Design, Setting, Participants, & Measurements: We studied a cohort (=1452 black; =1561 white) of patients with kidney failure who were referred for and started the transplant process (2009-2018). We estimated the direct and indirect effects of SES (self-reported income, education, and employment) and medical comorbidities (self-reported and chart-abstracted) as mediators of racial disparities in listing using Cox proportional hazards analysis with inverse odds ratio weighting. Among the 983 black and 1085 white candidates actively listed, we estimated the direct and indirect effects of SES and comorbidities as mediators of racial disparities on receipt of transplant using Poisson regression with inverse odds ratio weighting.
Results: Within the first year, 876 (60%) black and 1028 (66%) white patients were waitlisted. The relative risk of listing for black compared with white patients was 0.76 (95% confidence interval [95% CI], 0.69 to 0.83); after adjustment for SES and comorbidity, the relative risk was 0.90 (95% CI, 0.83 to 0.97).
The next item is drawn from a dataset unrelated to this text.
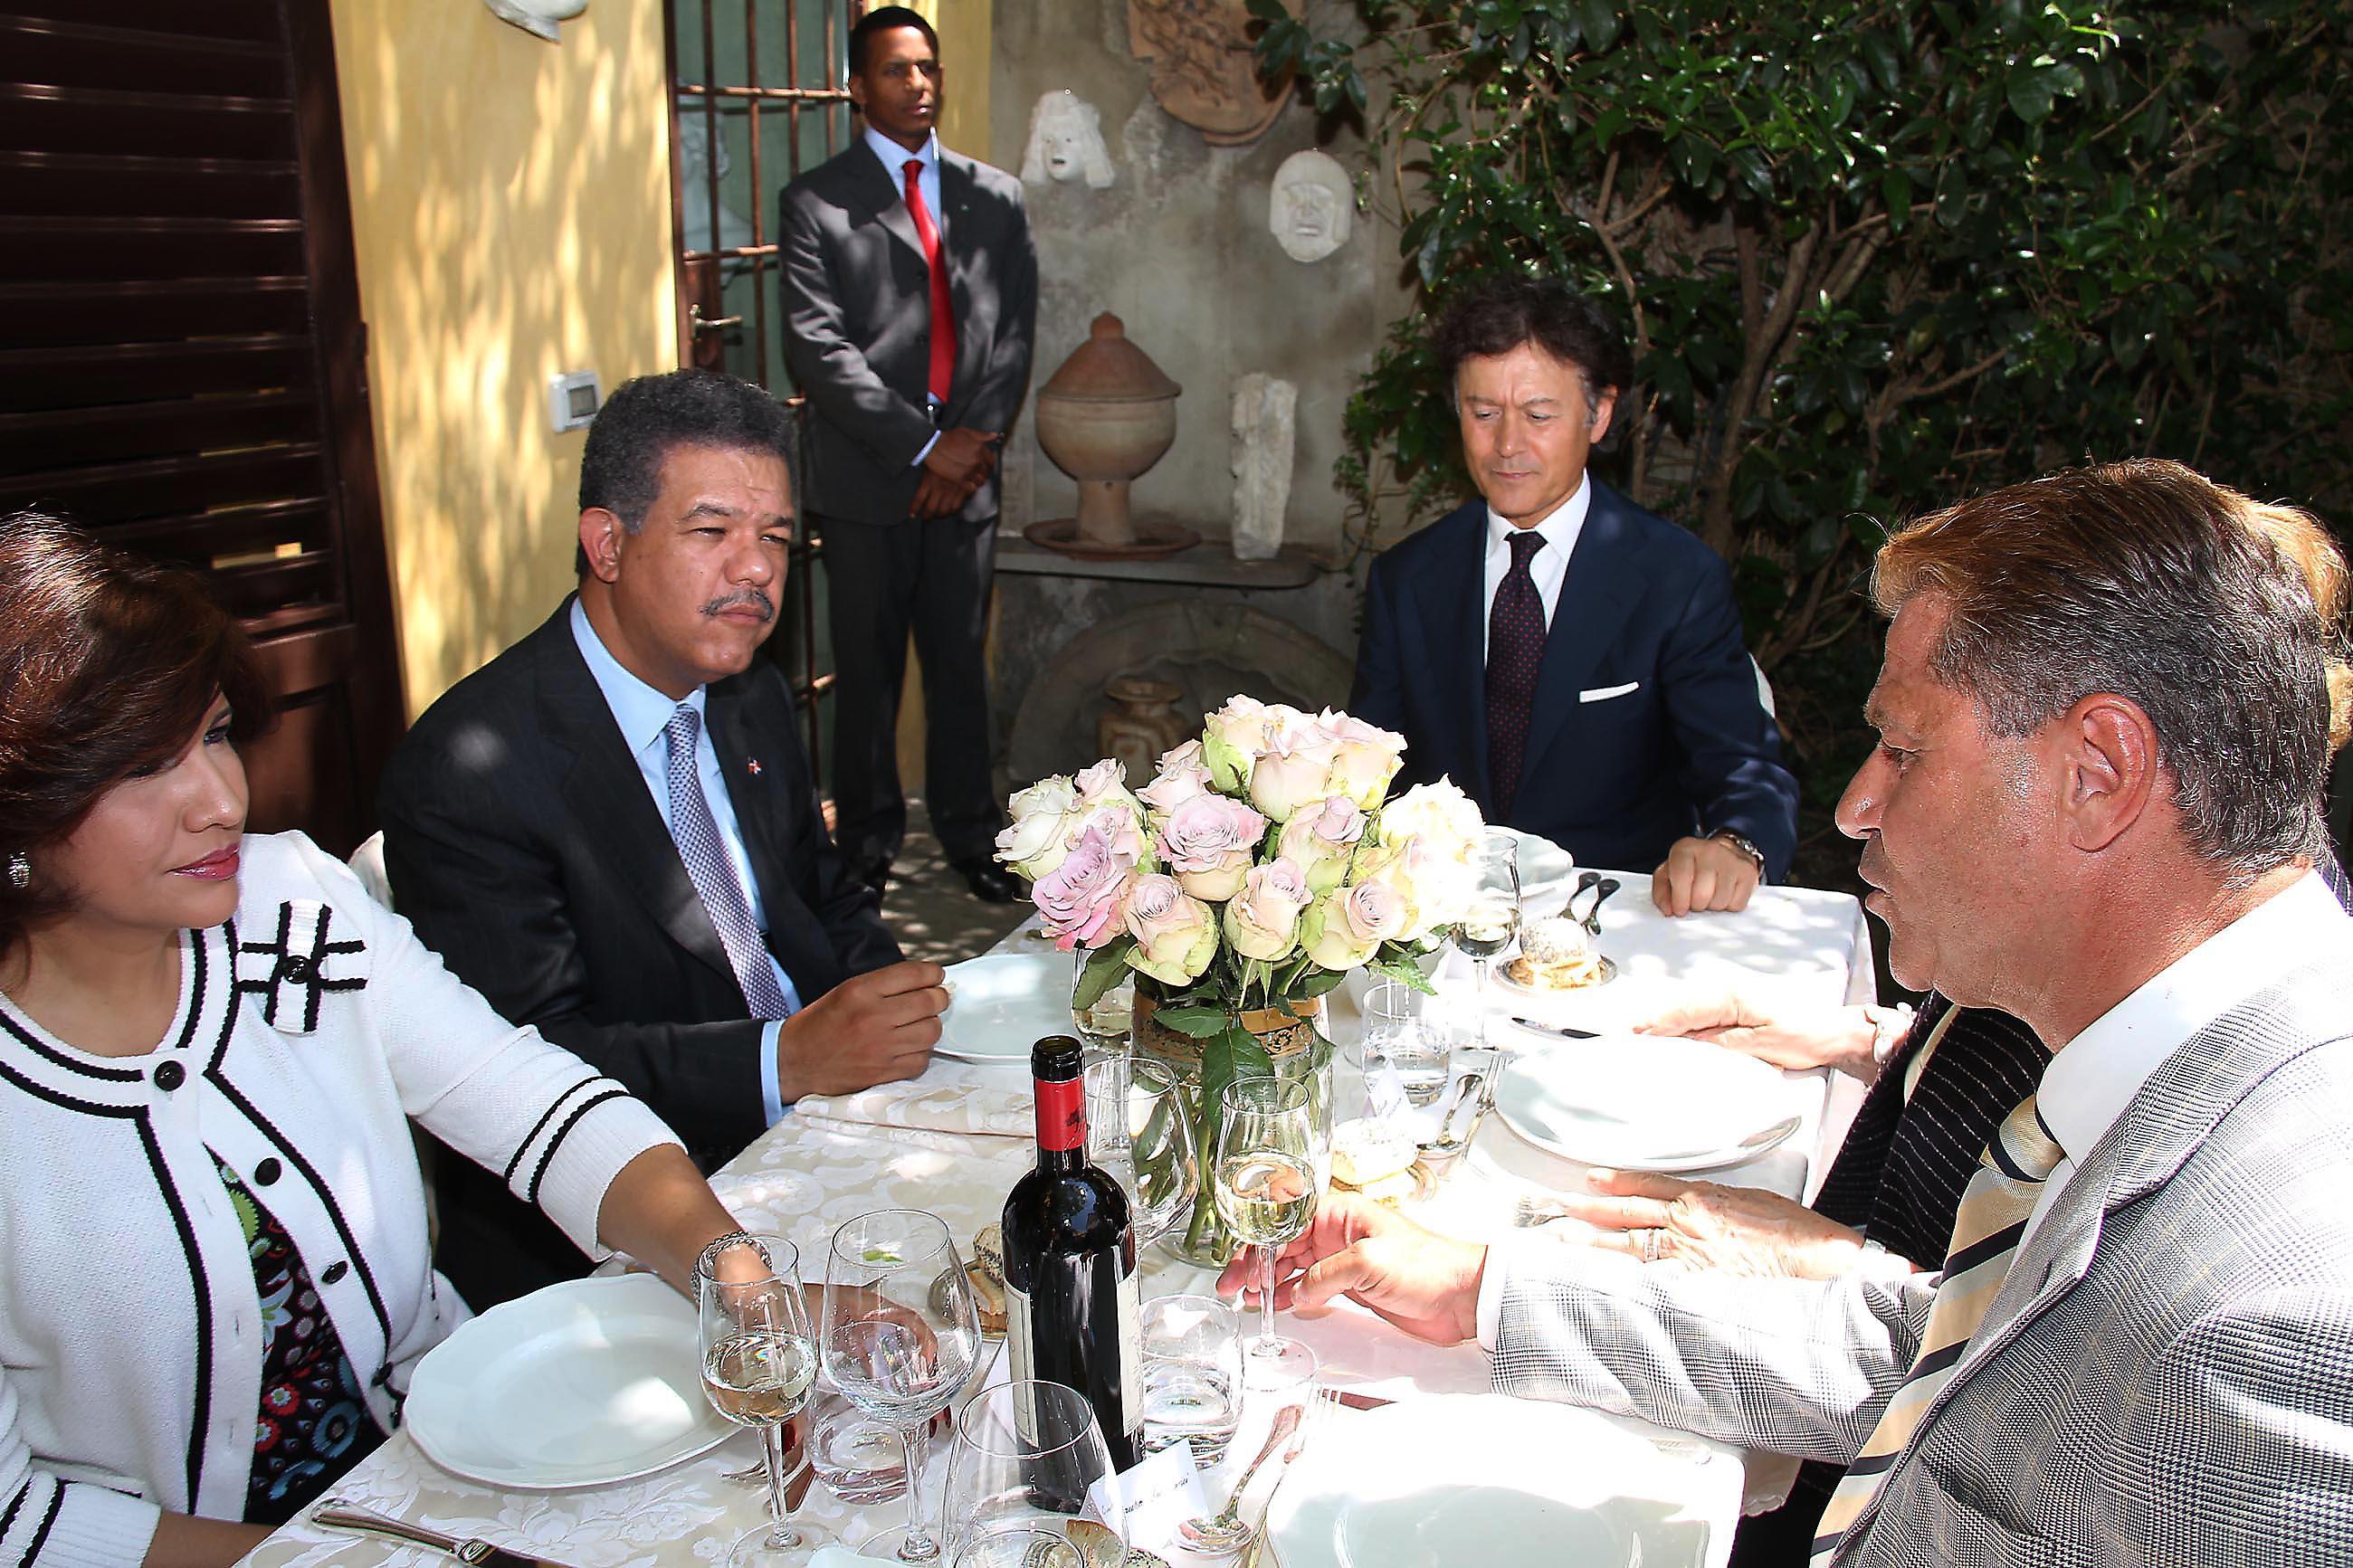 PRESSPHOTO Firenze, pranzo privato in casa di Massimo Listri in occasione della visita del presidente della Rep. Dominicana Leonel Fernandez. In foto il Presidente Fernandez al tavolo con la moglie, Massimo Listri e Mauro Torriani

The proportion of the racial disparity in listing was explained by SES by 36% (95% CI, 26% to 57%), comorbidity by 44% (95% CI, 35% to 61%), and SES with comorbidity by 58% (95% CI, 44% to 85%). There were 409 (42%) black and 496 (45%) white listed candidates transplanted, with a median duration of follow-up of 3.9 (interquartile range, 1.2-7.1) and 2.8 (interquartile range, 0.8-6.3) years, respectively. The incidence rate ratio for black versus white candidates was 0.87 (95% CI, 0.79 to 0.96); SES and comorbidity did not explain the racial disparity.
Conclusions: SES and comorbidity partially mediated racial disparities in listing but not for transplant.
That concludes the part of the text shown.